Право — органическая часть общества, оно неотделимо от моральных, культурных, духовных его основ. В то же время оно само формирует правовую культуру общества, определяет его нравственную атмосферу. Право выступает как бы в двух ипостасях при проведении модернизации: оно одновременно является одним из самых главных инструментов модернизации и основным её объектом, поскольку без осовременивания правовых норм невозможно упрочение совершенных в обществе изменений.

Правовая модернизация в России имеет свои особенности, которые основываются на специфическом российском менталитете. В менталитете любой нации откладываются её исторический опыт, обстоятельства, сопутствовавшие её формированию и развитию. Это своеобразная память народа о прошлом, определяющая стереотипы поведения той или иной нации.
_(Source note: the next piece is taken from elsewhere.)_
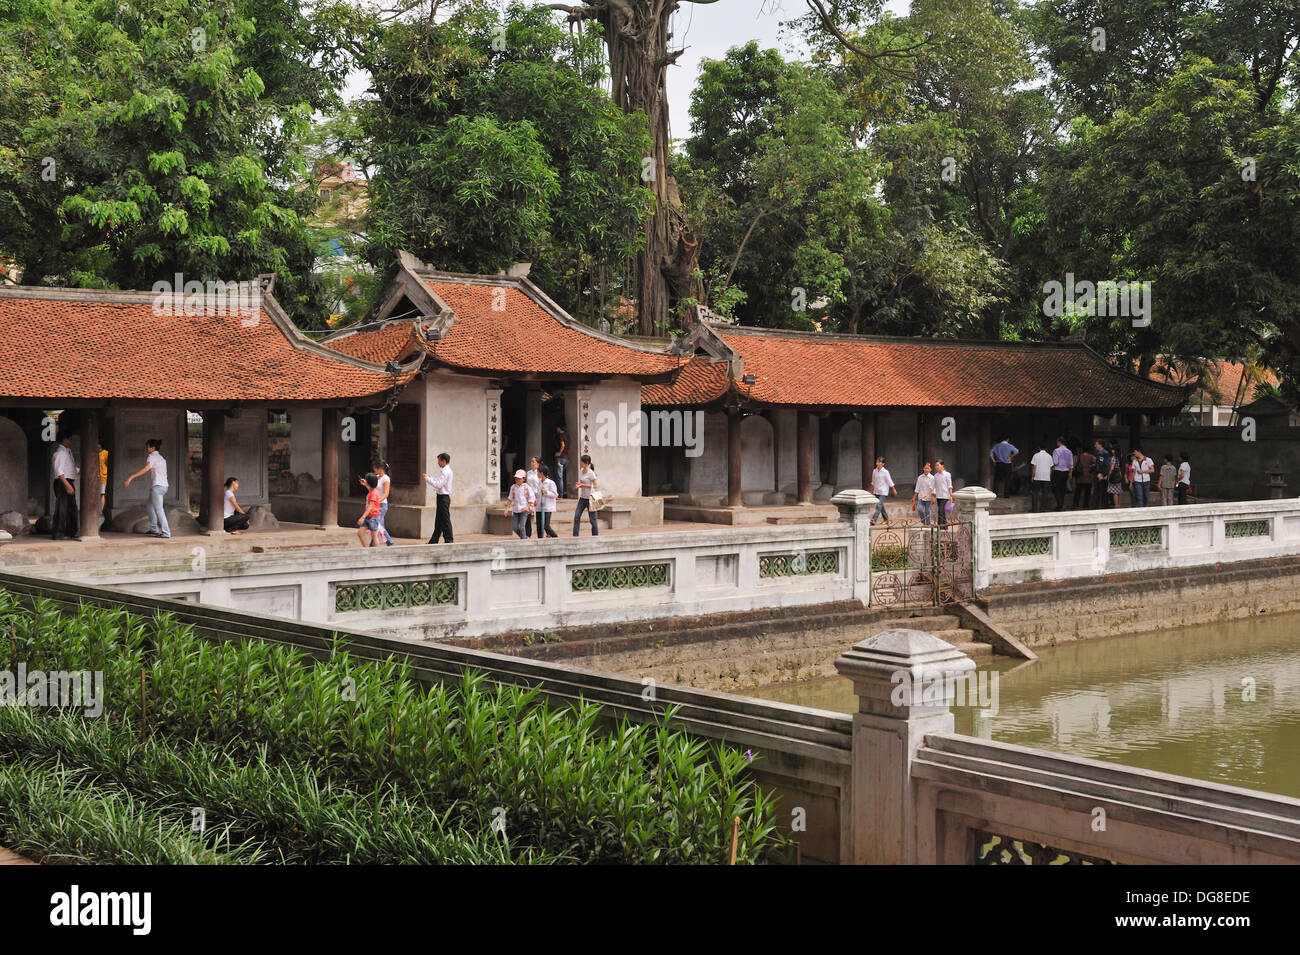 Gran estanque, denominado pozo de claridad celestial, tercer patio, el templo de la literatura, Hanoi, Vietnam del Norte, el sudeste de asia Foto de stock

Именно менталитет — основа правосознания, которое, в свою очередь, можно определить как понятие народа о справедливости, базирующееся на его историческом опыте. Оно формируется не только под влиянием правовой действительности, но и на основе опыта предшествующих поколений, на основе исторической традиции понимания права и его роли в обществе. Немалую роль в становлении правосознания играет и отношение власть предержащих к праву, к тому, какое место уделяется праву в системе рычагов государственного управления.

В этой связи представляют интерес два аспекта российского менталитета — отношение к власти (как к основному субъекту модернизации и главному источнику права) и к самому праву.

Исторически сложилось так, что большинство задач, стоявших перед властью в России, решалось с помощью сильной и ничем не ограниченной власти. Как правило, индивидуум жертвовал своими личными правами во имя существования Российского государства. На протяжении веков все права были у верховной власти, а подданные имели только обязанности. Такое положение привело к тому, что главным желанием россиянина относительно власти было, чтобы правительство управляло для него, а не против него.

Например, в книге М. Забелина приводится целая серия заговоров, к которым прибегали в качестве защиты «на подходе пред царские очи», «пред начальством». Эти заговоры наглядно демонстрируют, что власть для русского человека если и не отождествлялась с дьявольской силой, то все же была силой чуждой, с которой опасно не только вступать в спор, но и вообще иметь дело.

Формально не ограниченная, часто меняющаяся власть, наличие большинства её неподконтрольных представителей приводили народ к мысли о том, что право есть нечто внешнее, ненужное, легко изменяющееся в угоду власти, зависимое от желаний чиновника. Не способствовали образованию положительного отношения к праву и атмосфера перманентных реформ, установившаяся в стране с XVII века, и методы проведения этих реформ. Ведь недаром в России правду предпочитали искать не в суде, а «перед светлыми очами» царя-батюшки. Народ привык, что не право защищает его от власти, а что власть использует право против него, для его подавления и проведения не всегда понятных народу программ. Само право теряет свое значение, поскольку, во-первых, важен лишь вопрос, у кого в данный момент находится реальная власть, и, во-вторых, потому, что реформаторы пытаются привить российской действительности чуждые ей правовые нормы. Право как инструмент реформ становится инородным телом для российского организма.

Вышеизложенное показывает, в каких условиях происходит взаимодействие модернизаторских начинаний с российской ментальностью (С. 168 — 169).